Without including the pictures, copy out every line below.

Provided data START

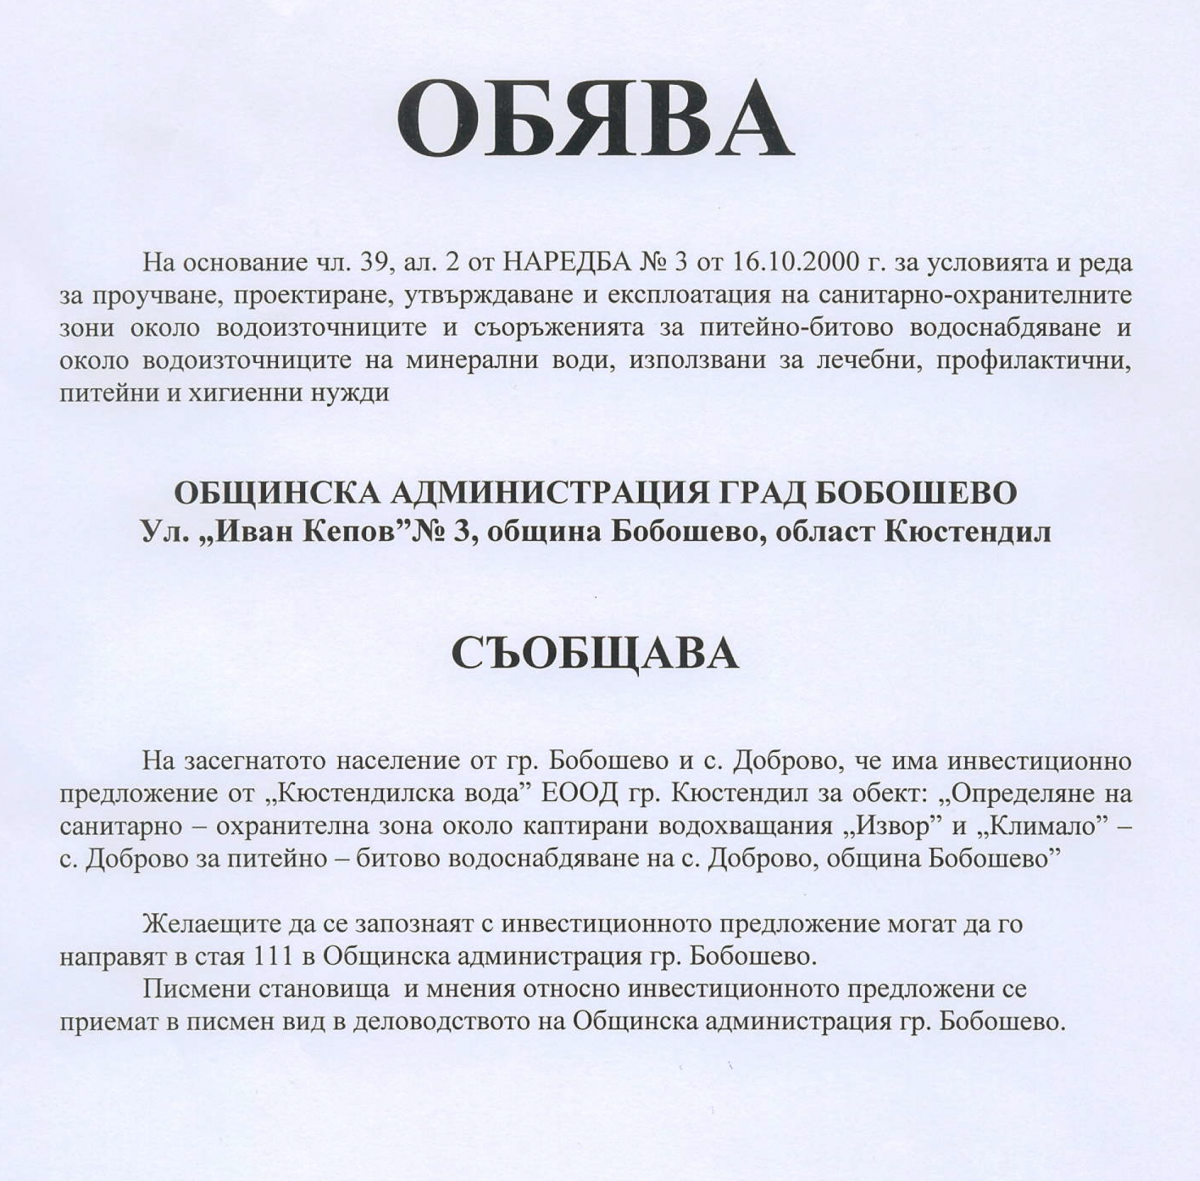 "Инвестиционно предложение ""Кюстендилска вода"" ЕООД - с.Доброво"
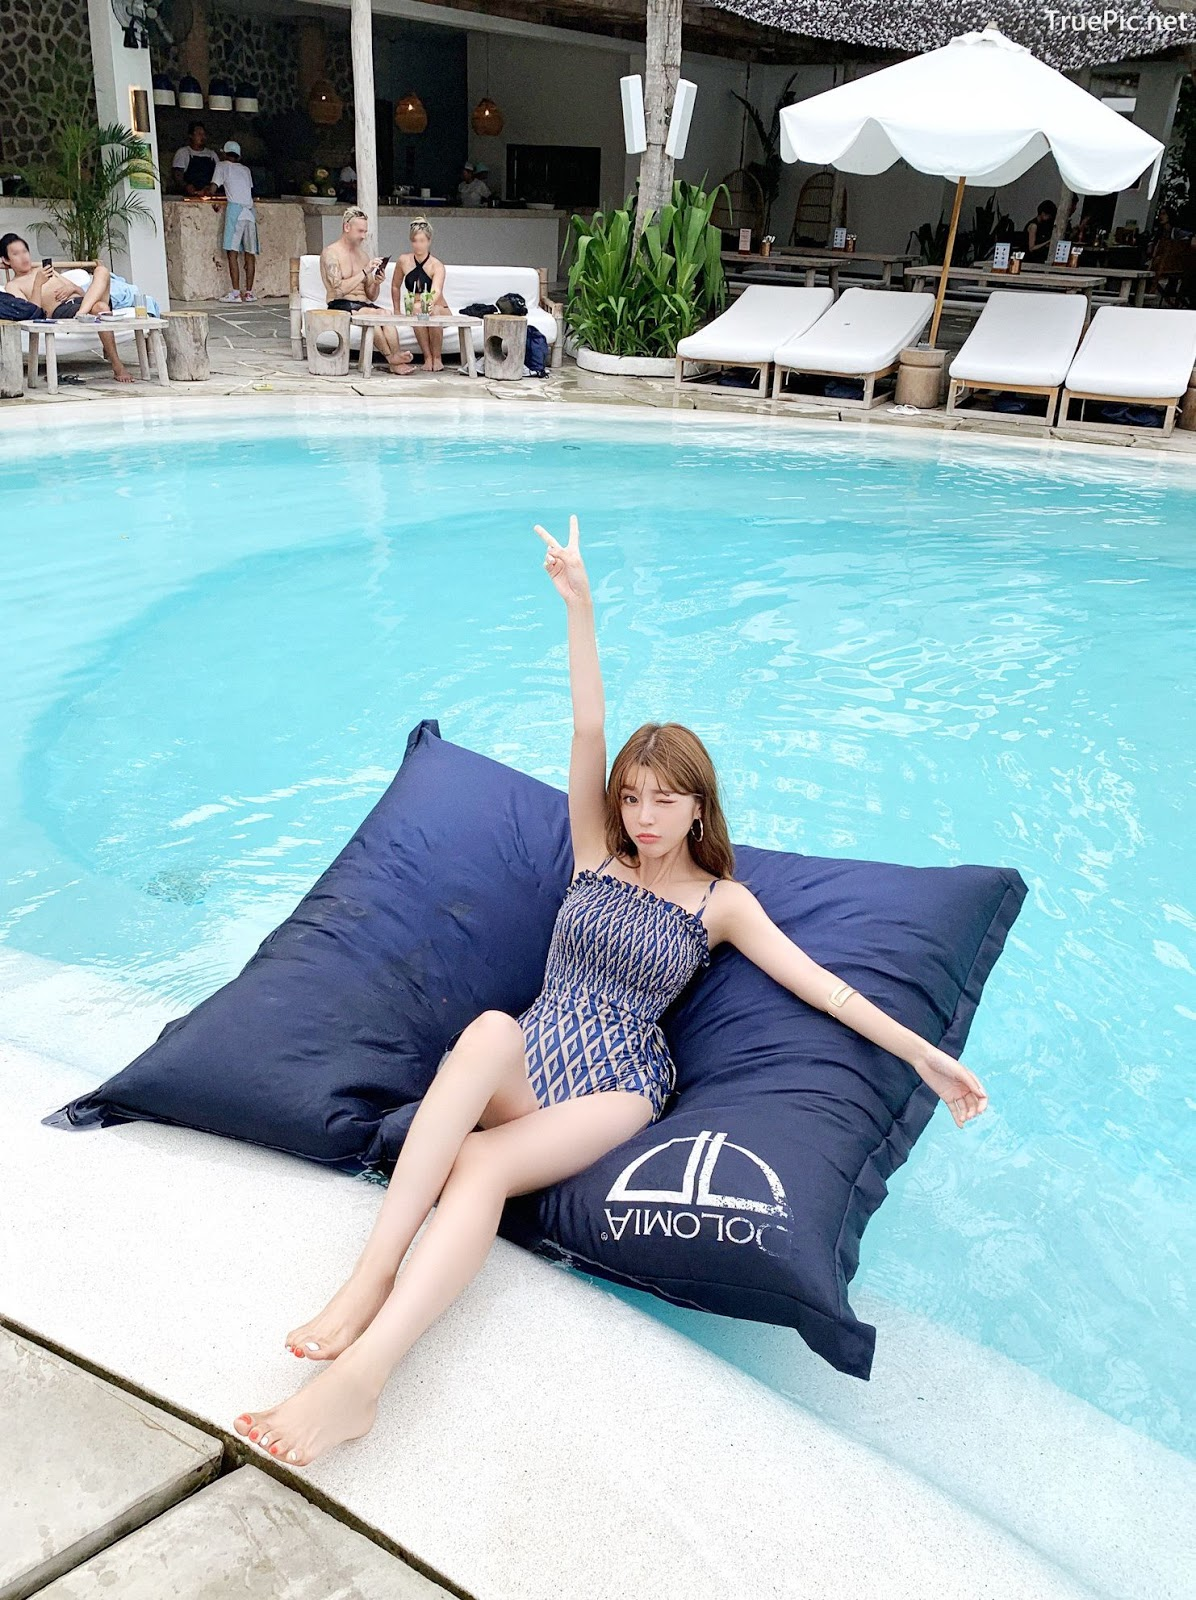 Image Korean Fashion Model - Cha Yoo Jin - Diamond Smoke Monokini - TruePic.net - Picture-3
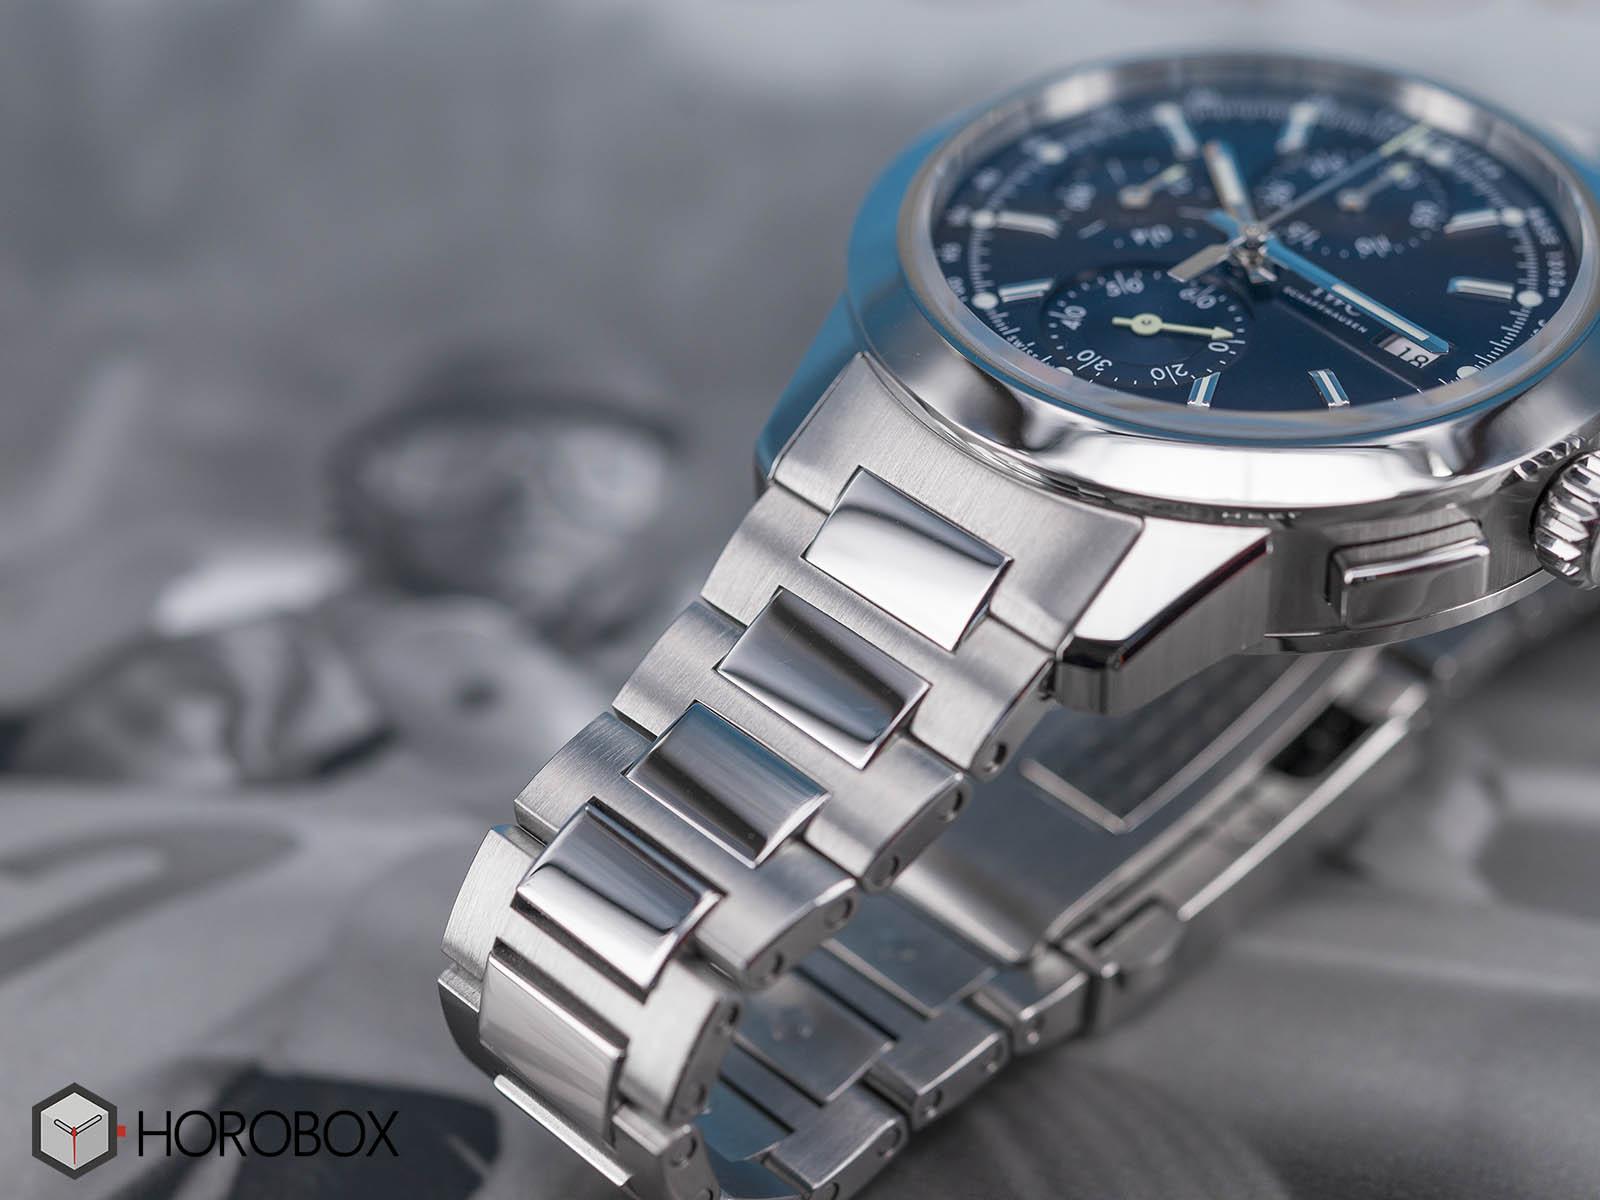 iwc-ingenieur-chronograph-W380802-8-.jpg
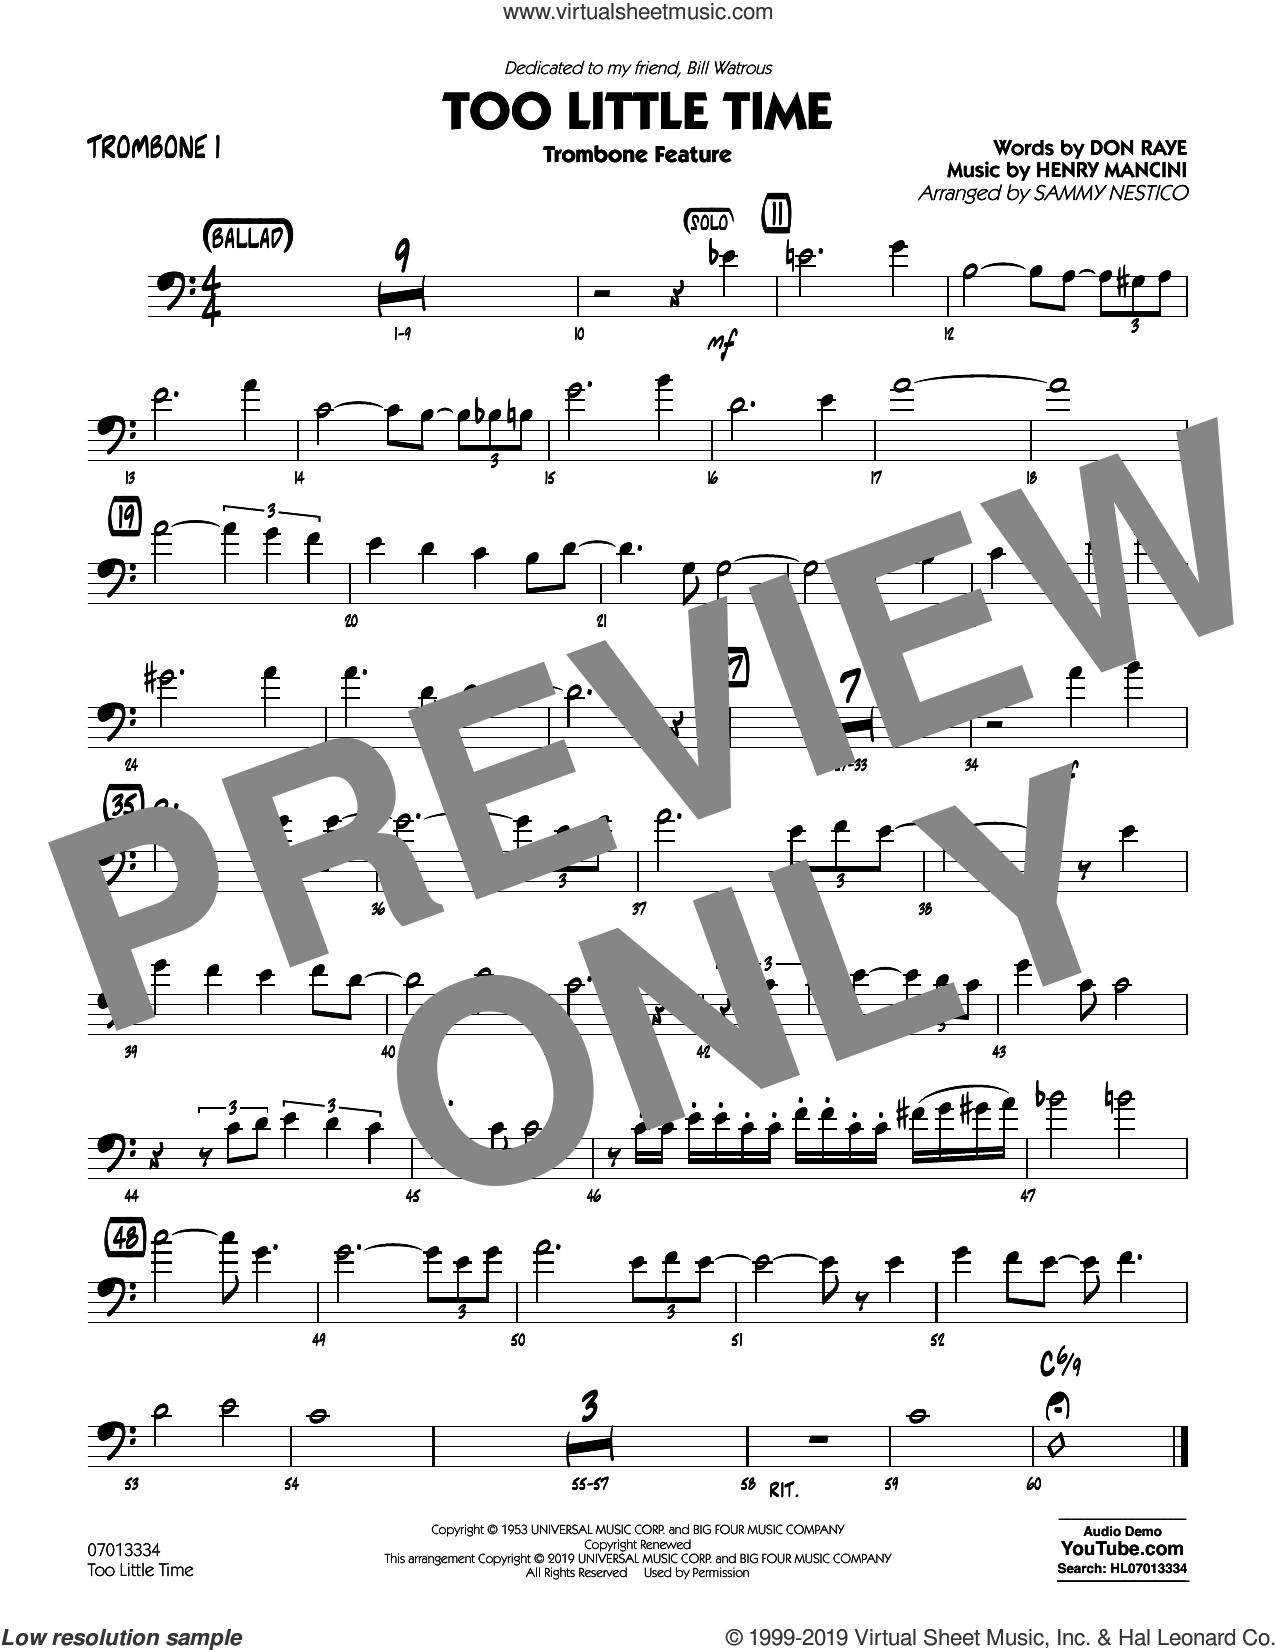 Too Little Time (arr. Sammy Nestico), conductor score (full score) sheet music for jazz band (trombone 1) by Henry Mancini, Sammy Nestico, Bill Watrous and Don Raye, intermediate skill level

Provided data END

Answer for this exercise:
 "Инвестиционно предложение ""Кюстендилска вода"" ЕООД - с.Доброво"
 Image Korean Fashion Model - Cha Yoo Jin - Diamond Smoke Monokini - TruePic.net - Picture-3
 iwc-ingenieur-chronograph-W380802-8-.jpg
 Too Little Time (arr. Sammy Nestico), conductor score (full score) sheet music for jazz band (trombone 1) by Henry Mancini, Sammy Nestico, Bill Watrous and Don Raye, intermediate skill level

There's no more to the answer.